- Structure: The memtable is an in-memory data structure that stores key-value items in a sorted order using a SkipList.
- Implementation Details: It employs unsafe pointer manipulation for efficient memory management.
- Write-Ahead Log (WAL): The WAL records all items written to the memtable in a sequential file format, enhancing write performance by avoiding the need for immediate sorting.
- Manifest: The manifest maintains the leveled structure of the LSM tree, tracking which levels contain which SSTables.
- Data Integrity: Both WAL and manifest incorporate checksums and range validations to protect against data corruption.
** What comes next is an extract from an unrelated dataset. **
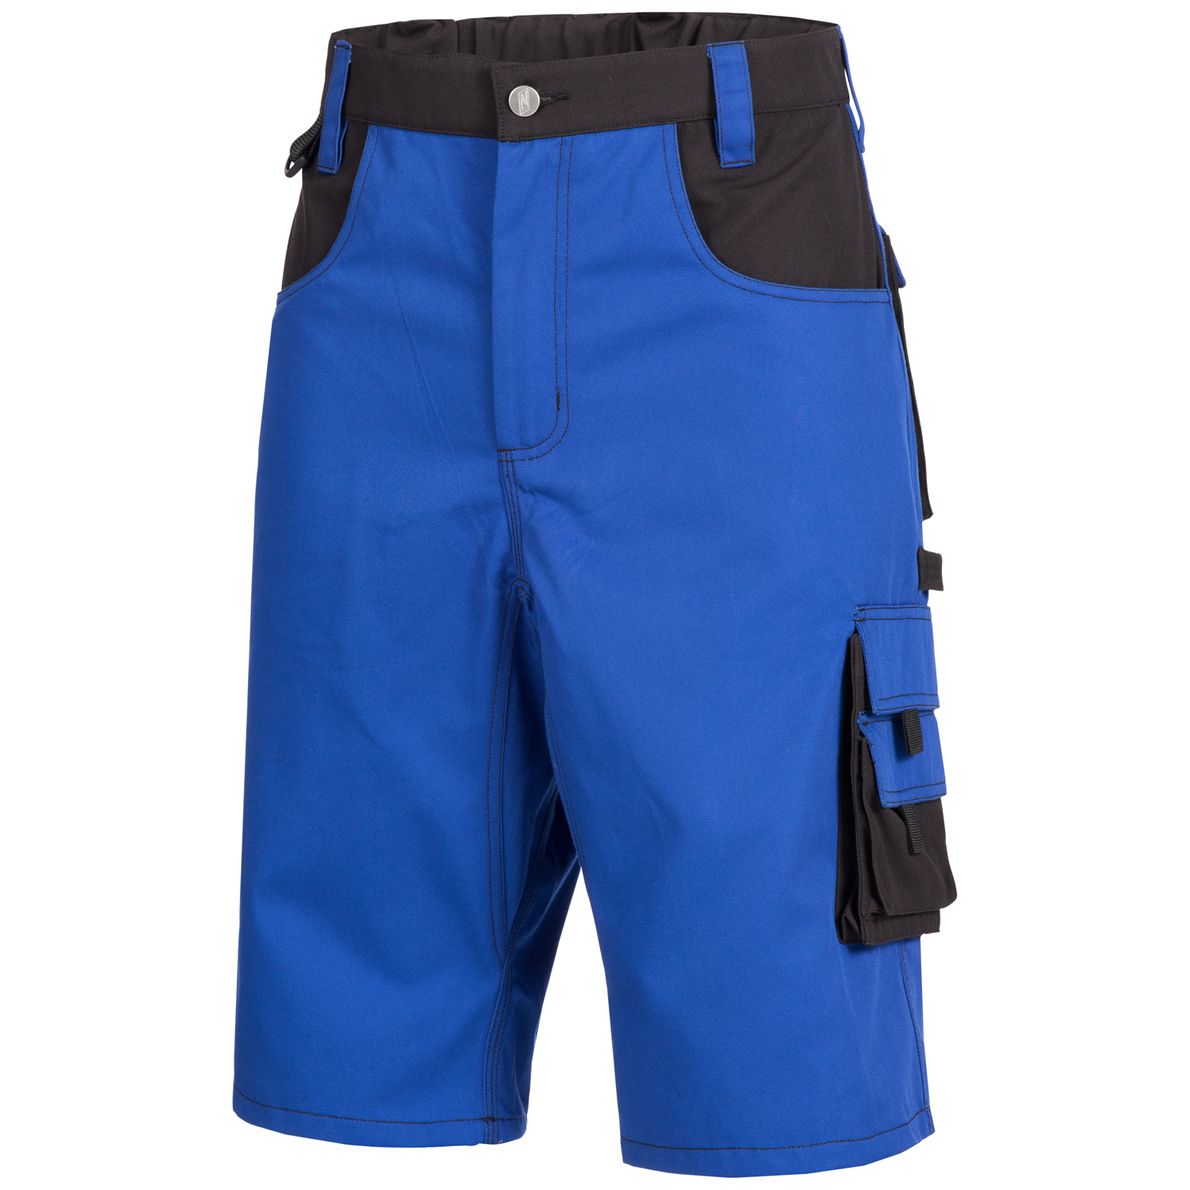 NITRAS MOTION TEX PLUS 7601 Arbeitsshorts - Shorts für die Arbeit - 35% Baumwolle - Blau - 52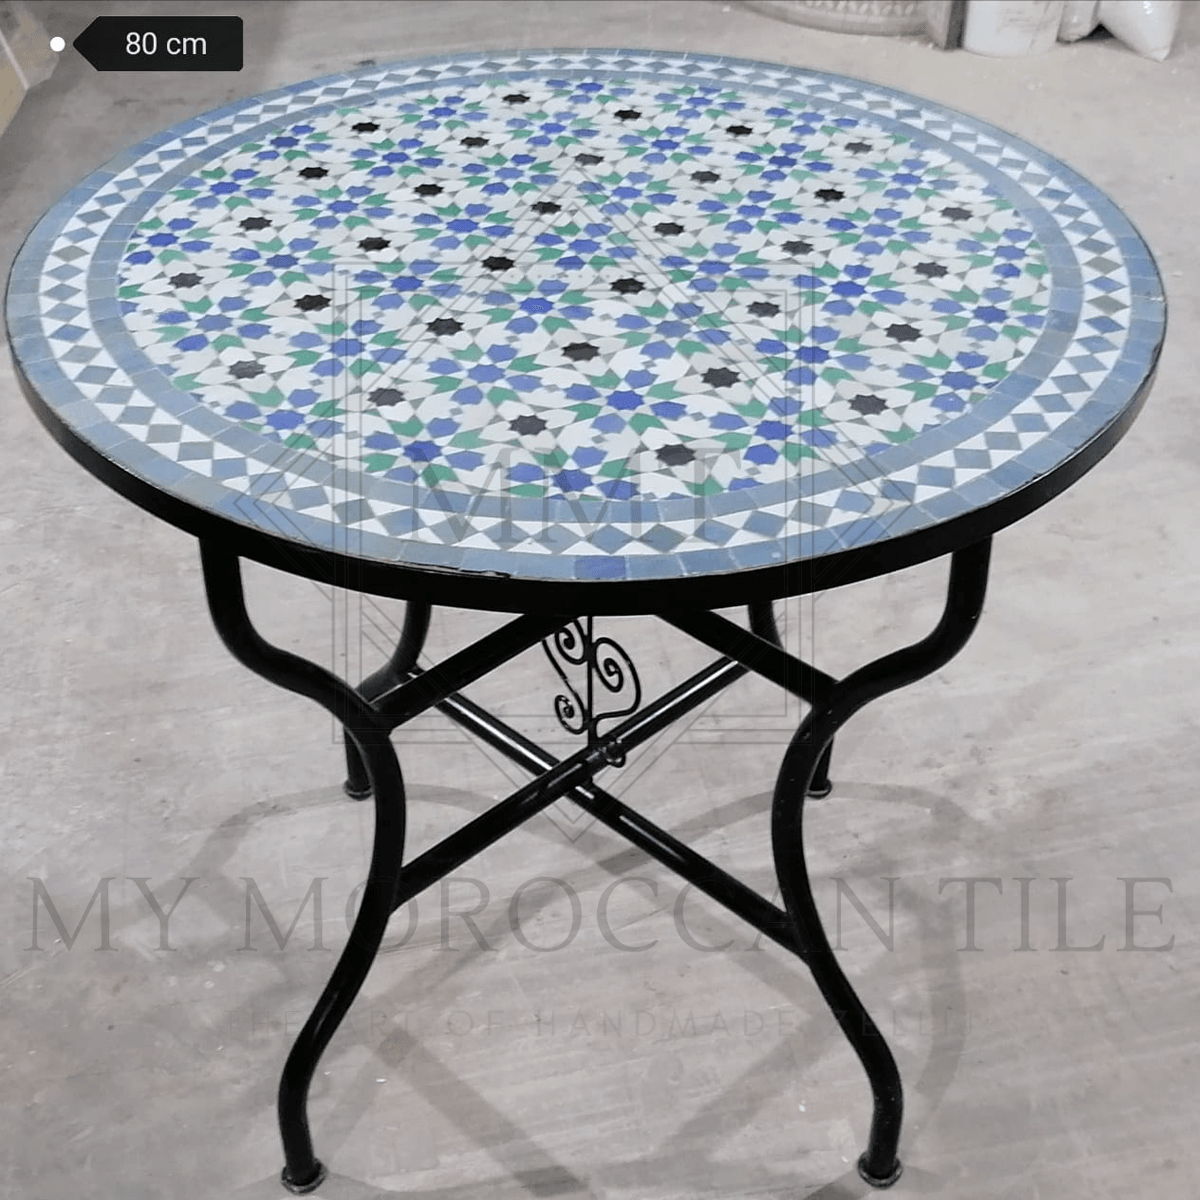 Mesa de mosaico marroquí hecha a mano 2108-15

- Disk Storage: Once the memtable exceeds a certain size threshold, it is flushed to disk as an SSTable and placed into level 0 of the LSM tree.
- Sparse Index: An in-memory sparse index of the SSTable allows for quick lookups of necessary blocks, which are typically around 4KB in size.
- Compaction: The database uses a leveled compaction strategy, as detailed in the RocksDB Leveled Compaction documentation.
- Parallel Sub-Compaction: Implemented parallel sub-compaction allows non-conflicting levels (e.g., levels 1 -> 2 and 4 -> 5) to be compacted in parallel using asynchronous operations and the Tokio runtime in Rust.
- Iteration Capability: The database supports iterating over all items, enabling efficient traversal of the key-value pairs.
- Thread Safety: The database supports concurrent reads and writes from multiple threads.
- Read-Write Lock: Internally, it uses a read-write lock, meaning that writes block reads and vice versa. This design is similar to other databases like Badger, which also use a single thread for writes.
- Write Operations: Concurrent writes to the WAL are not possible due to file operation constraints. However, a dedicated thread can be used to handle writes via a channel, reducing client latency. This can be easily implemented on top of the existing database architecture.
These completed features establish a solid foundation for the key-value store, ensuring basic functionality and data integrity. The remaining tasks focus on optimizing performance, enhancing concurrency, and adding advanced features to make the database production-ready.